Ground 5: Direction on "no comment"
interview
224. Mr Bevan seeks leave to raise a further ground of
appeal, though one that he fairly describes as a "make-weight" point. It relates
to a passage in the judge's summing up in which he referred to the appellant's interview
by the police following her arrest for the murder of Christopher. The judge dealt with the
relevant part of the interview in these terms:
"The officer, you may remember, put to [the appellant] the similarities between the deaths of the two babies, their age, the time of death, both in the bedroom when she was on her own and both in a bouncy chair and the fact that three medical experts were saying that both deaths were unnatural. Her solicitor advised her not to comment on that in the absence of disclosure of the reports and she accepted her solicitor's advice.

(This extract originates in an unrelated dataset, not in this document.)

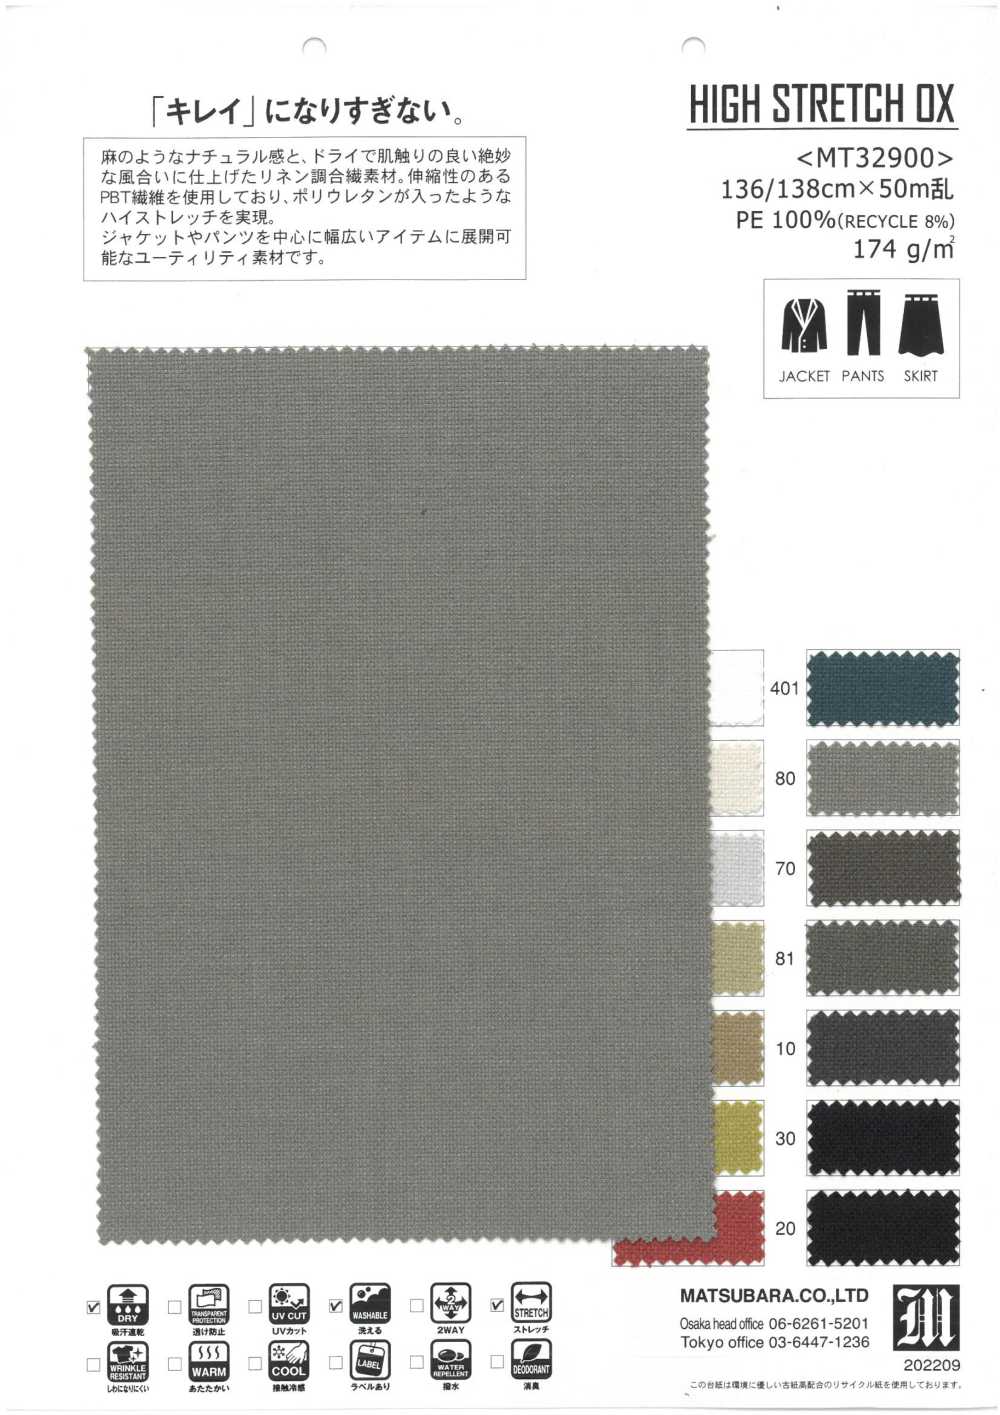 MT32900 HIGH STRETCH OX[Textilgewebe] Matsubara
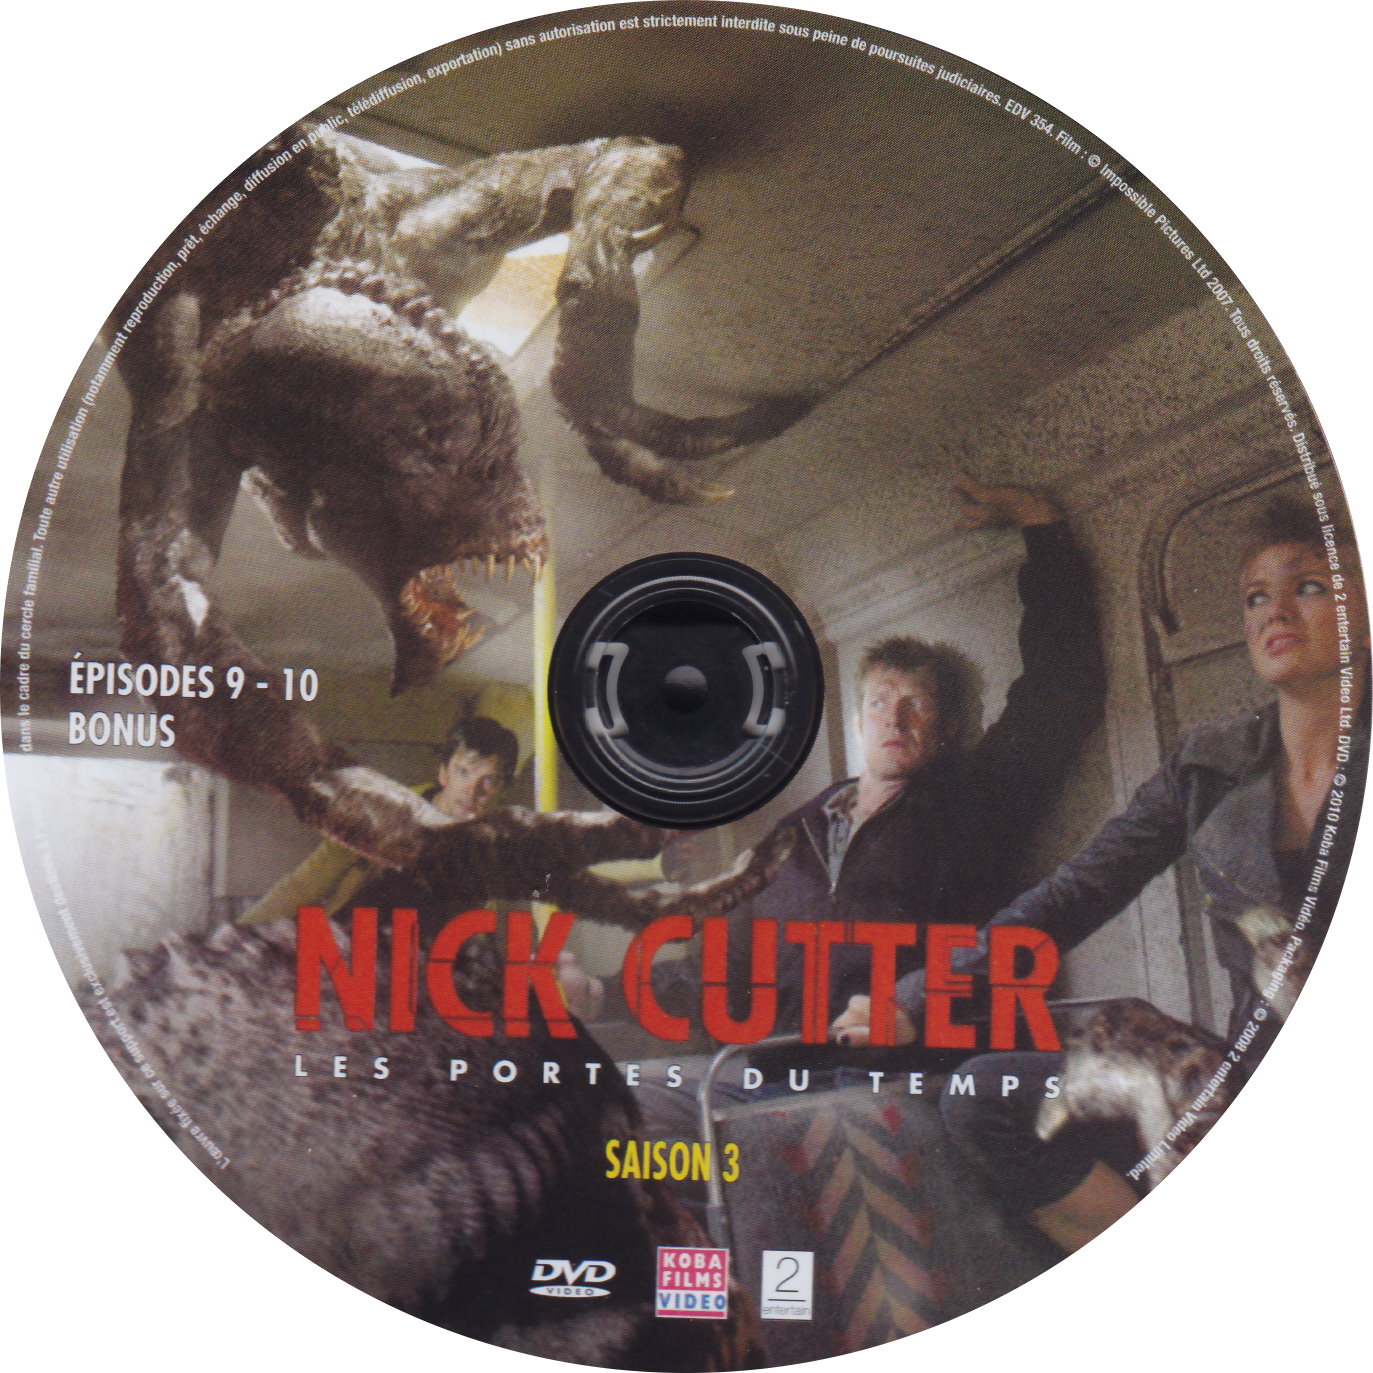 Nick Cutter Les portes du temps Saison 3 DISC 3

Some criticism is made by the prosecution of the defendant's failure at that time to dispute that both children were in the bouncy chair in view of her subsequent evidence that Christopher was not in a bouncy chair at the relevant time. You will obviously want to consider the whole of pages 29 to 31 of that summary that you have when you are considering that point and in particular the last question and answer on page 31 but you may think that, looking at the matter overall, she was in effect following her solicitor's advice to make no comment, which I should tell you was something she was quite entitled to do."
225. The last question and answer on page 31, to which the judge referred in particular, came after a passage in which the officer had got into confusion about the evidence of the doctors. That prompted an intervention by the appellant's solicitor, followed by the last question and answer, in these terms:
"Solicitor: Can I just say to you this highlights the difficulty of seeking to advise you in the absence of disclosure of reports, I suggest that you make no comment whatsoever about the observations that the Officer just put to you, none whatsoever.
Question: Okay, right do you have any comment to make on any of those similarities?
Answer: 'No comment'."
226. Mr Bevan submits that the judge, having correctly
ruled that it was not an appropriate case for a direction as to the possibility of drawing
of adverse inferences under s.34 of the Criminal Justice and Public Order Act 1994, should
have gone on to direct the jury not to draw any adverse inference from the
appellant's "no comment" answers. He relies on R v. McGarry [1999] 1 Cr
App R 377, where it was held that when a judge had concluded that the requirements of s.4
of the 1994 Act had not been satisfied, and that therefore it was not open to him to leave
the possibility of drawing adverse inferences to the jury, it was incumbent on him
positively to direct them that they must not in any way hold against the accused his
failure to answer questions; and that unless the jury received such a direction they would
be left without any guidance as to how to regard the accused's refusal to answer, which
might be seriously prejudicial.
227. We agree that, for the reasons given in McGarry,
it is generally desirable, where a judge decides not to give a direction under s.34, that
he should go on to give a clear direction to the jury not to draw any adverse inference
from the defendant's silence. But in this case, to the extent that the judge fell short of
giving such a direction, we do not consider that his approach caused any prejudice to the
appellant, let alone that it was capable of undermining the safety of the conviction. The
judge gave the jury a very clear indication that if they thought that the appellant was
following her solicitor's advice to make no comment, no adverse inference should be drawn:
that "... was something she was quite entitled to do". The passage in the
interview to which he drew particular attention highlighted her solicitor's advice to make
no comment. In those circumstances there was no danger of the jury, through lack of
guidance, making an adverse inference which they should not have made.
228. We are reinforced in that view by the fact that the
approach taken by the judge was agreed in advance with counsel. Prior to the summing up,
it had been agreed that a s.34 direction was not appropriate but that it would be open to
prosecution counsel to comment in his closing speech, in the same way as the point had
been raised in cross-examination, on the fact that the appellant had not said anything
after hearing the officer catalogue the similarities between the deaths. As a result of an
observation in the defence closing speech the issue was raised again with the judge before
the summing up. The judge indicated how he proposed to deal with the matter, very much
along the lines of his eventual direction. Mr Bevan raised no complaint about the proposed
course. Of course, the fact that an approach has been agreed in advance by experienced
defence counsel does not prevent the point being raised on appeal if the approach was
wrong in law; but it does tend to cast doubt on the suggestion that the approach was
prejudicial to the interests of the appellant.
229. Mr Spencer drew our attention to the judgment of the
European Court of Human Rights in Condron v. United Kingdom (2 May 2000). For the
reasons already given, we do not consider that the approach adopted in the circumstances
of the present case, with the agreement of the defence, gave rise to any unfairness or
constituted a breach of the appellant's right to a fair trial under Article 6 ECHR.
230. Having dealt with the point in some detail, we give
leave for it to be raised but reject it as a substantive ground of appeal.